上記のことは、人材育成でも同様な構図が成り立ちます。公務員や宗務所職員の人材育成では、入所してからもトップになるまでの各セクションにおける人材育成のための発達課題は明確です。書記は書記の分相応の仕事役割があり、主事は主事の課題があります。

企業においても、消費者のための企業価値は「売れるか売れないか」で、人材の能力は明確になってきます。

ところが教団内では企業価値に相当する理念がはっきりしていないので、いかにトップリーダーが育っていくかは、各人の能力に任され、大枠はいわゆるほったらかしです。

人材育成の中でも、トップリーダーをいかに多量に育成していくか。これは相当至難の業です。組織管理する能力や、実務の遂行能力は何とかなるにしても、問題は、人間関係の掌握、理念の構築とそれ理念を実行に移していく情熱と実行力です。

その点、国家レベルの選挙は有用です。その点幸福の科学はあざやかです。

宗教法人「幸福の科学」(大川隆法総裁)を支持母体とする政治団体「幸福実現党」は12日、東京都内で記者会見し、夏の参院選で、全47選挙区に各1人、比例選に3人の計50人を擁立すると発表した。(2010年1月12日19時38分 読売新聞)

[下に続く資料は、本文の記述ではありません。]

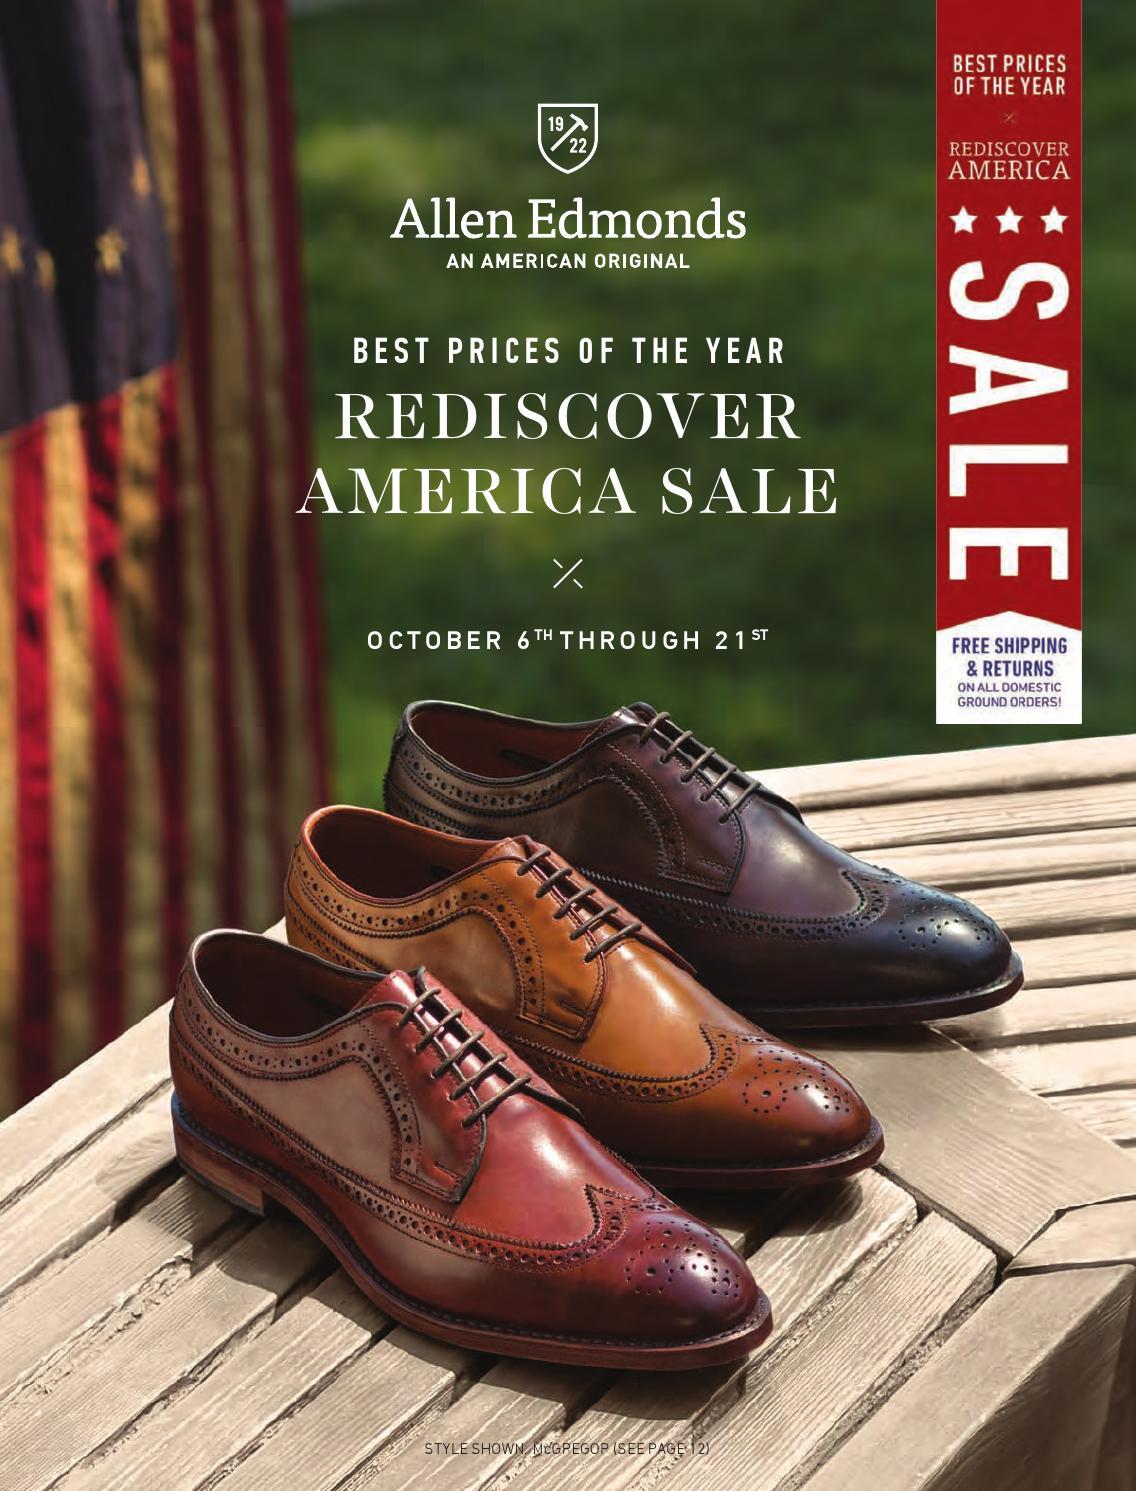 Allen Edmonds 2014 Rediscover America Sale Catalog By Allen Edmonds

一度に50人のトップリーダーを育成する。国選は、教団名の一般社会への啓発、組織内の組織固めと組織の再構築、トップリーダーの育成というメリットがあります。あわよくば当選でもしたらしめたものです。

最初の話に戻りますが、本願寺の指導者も選挙に当選させることが目的になっているので、一般の信徒と指導者とのかい離が生じます。選挙は当選させるためではなく、新しい時代において、宗門内の組織はどうあるべきか、そのために理念が明確になったところで、選挙を利用して組織固めをしていく。かつ対社会に向けての人材の育成の手段とすることが重要です。

「体力がない」から体力を作るために、国選をいかに利用できるかが問われています。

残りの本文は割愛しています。